|
I think you miss 2 big aspects: 1. High volume providers get efficiencies that low volume do not. It comes from both more workload giving more optimization opportunities, and staffing to do better engineering to begin with. The result is break even for lower volume firms is profitable for higher volume, and as high volume is magnitudes more scale, this quickly pays for many people. By being the high-volume API, this game can be played. If they choose not to bother, it is likely because strategic views on opportunity cost, not inability. That's not even the interesting analysis, which is what the real stock value is, or whatever corp structure scheme they're doing nowadays: 2. Growth for growths sake. Uber was exactly this kind of growth-at-all-costs play, going more into debt with every customer and fundraise. My understanding is they were able to tame costs and find side businesses (delivery, ...), with the threat becoming more about category shift of self-driving. By having the channel, they could be the one to monetize as that got figured out better. Whether tokens or something else becomes what is charged for at the profit layers (with breakeven tokens as cost of business), or subsidization ends and competitive pricing dominates, being the user interface to chat and the API interface to devs gives them channel. Historically, it is a lot of hubris to believe channel is worthless, and especially in an era of fast cloning. |
But paid-per-token APIs at negative margins do not provide scaling efficiencies! It's just the provider giving away a scarce resource (compute) for nothing tangible in exchange. Whatever you're able to do with that extra scale, you would have been able to do even better if you hadn't served this traffic.

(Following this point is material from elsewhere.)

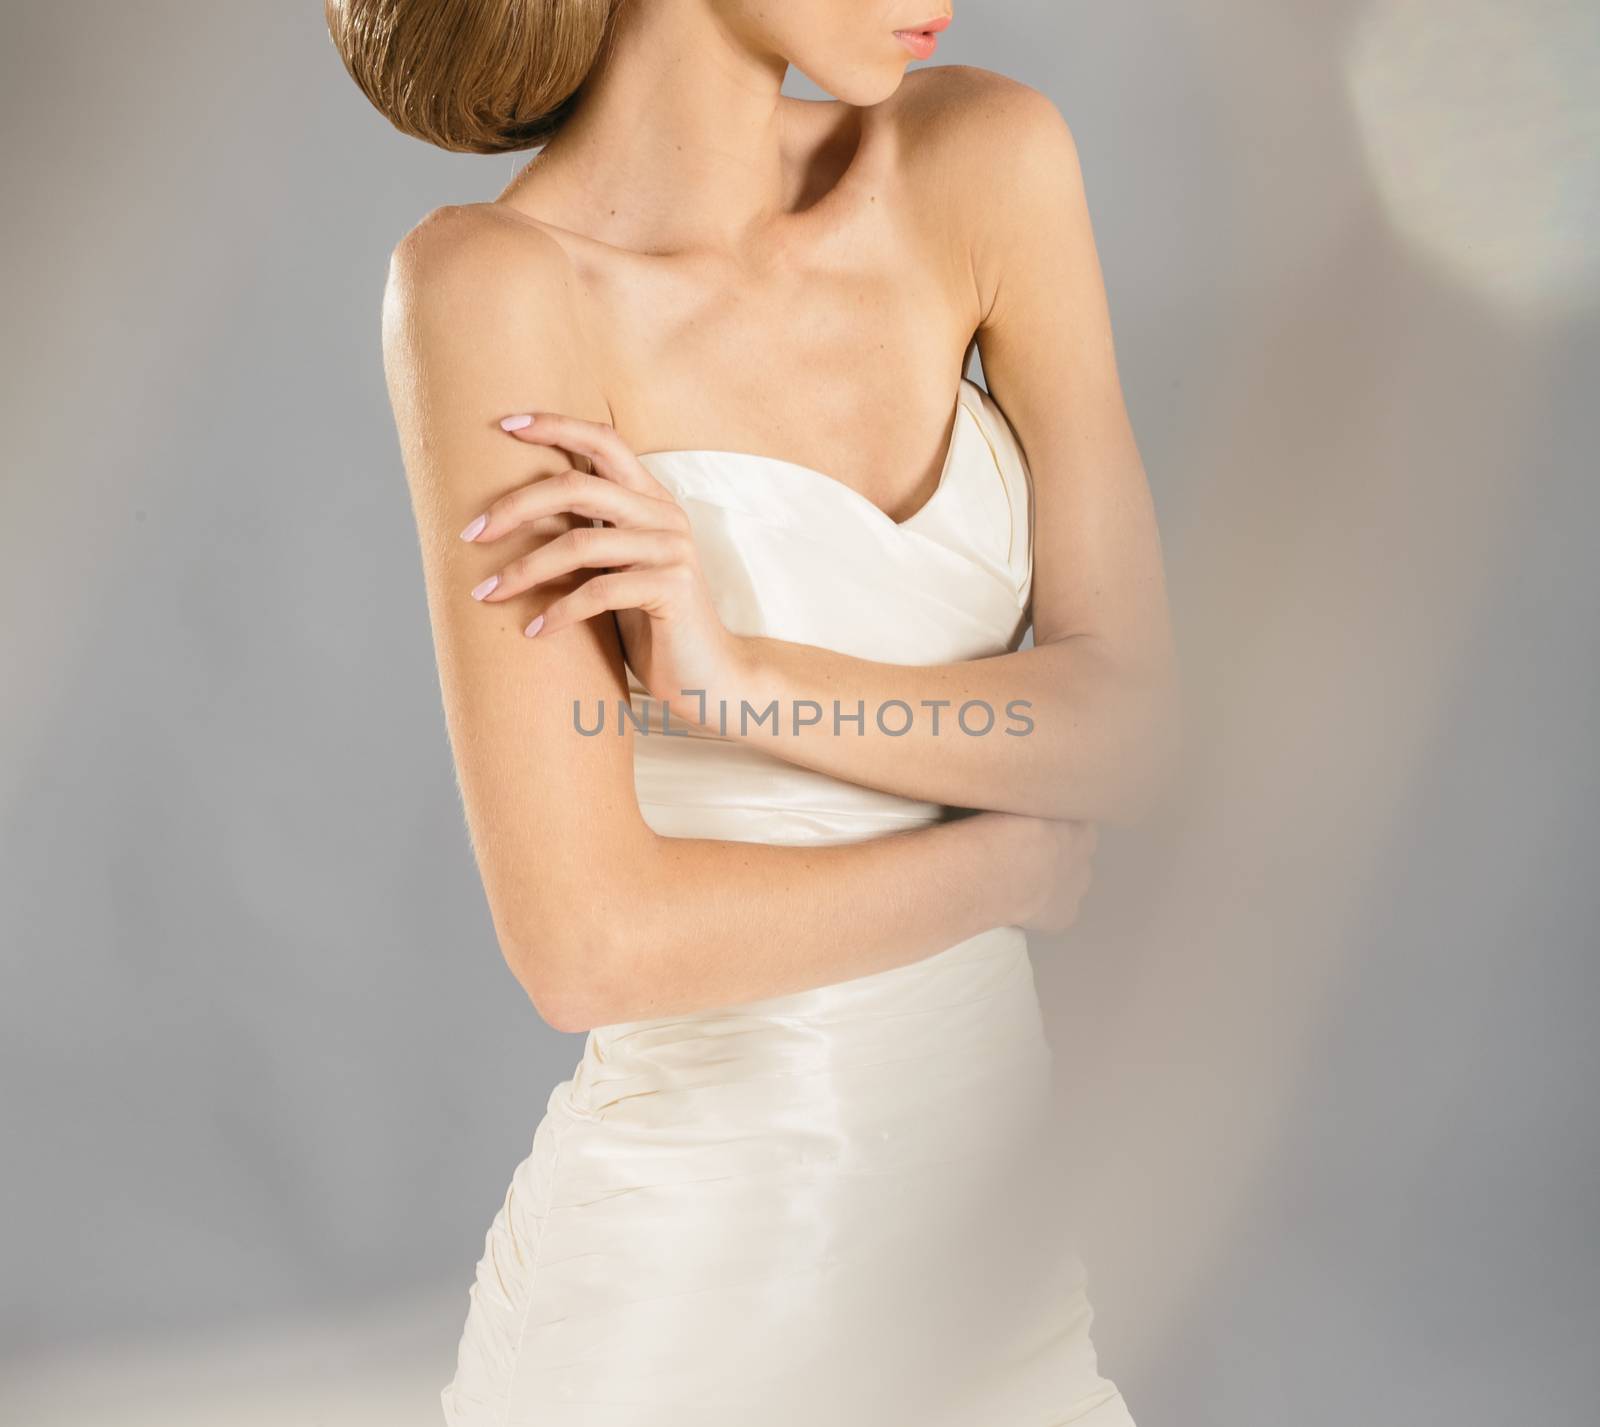 Beautiful bride by sarymsakov

In contrast, the other things you can use the compute for have a real upside for some part of the genai improvement flywheel:
1. Compute spent on free users gives you training data, allowing the models to be improved faster.
2. Compute spent on training allows the models to be trained, distilled and fine-tuned faster. (Could be e.g. via longer training runs or by being able to run more experiments.)
3. Compute spent on paid inference with positive margins gives you more financial resources to invest.
Why would you intentionally spend your scarce compute on unprofitable inference loads rather than the other three options?
> 2. Growth for growths sake.
That's fair! It could in theory be a "sell $2 for $1" scenario from the frontier labs that are just trying to pump up their revenue numbers to fund-raise from dumb money who don't think to at least check on the unit economics. OpenAI's latest round certainly seemed to be coming from the dumbest money in the world, which would support that.
I have two rebuttals:
First, it doesn't explain Google, who a) aren't trying to raise money, b) aren't breaking out genai revenue in their financials, so pumping up those revenue numbers would not help at all. (We don't even know how much of that revenue is reported under Cloud vs. Services, though I'd note that the margins have been improving for both of those segments.)
Second, I feel that this hypothetical, even if plausible, is trumped by Deepseek publishing their inference cost structure. The margins they claim for the paid traffic are high by any standard, and they're usually one of the cheaper options at their quality level.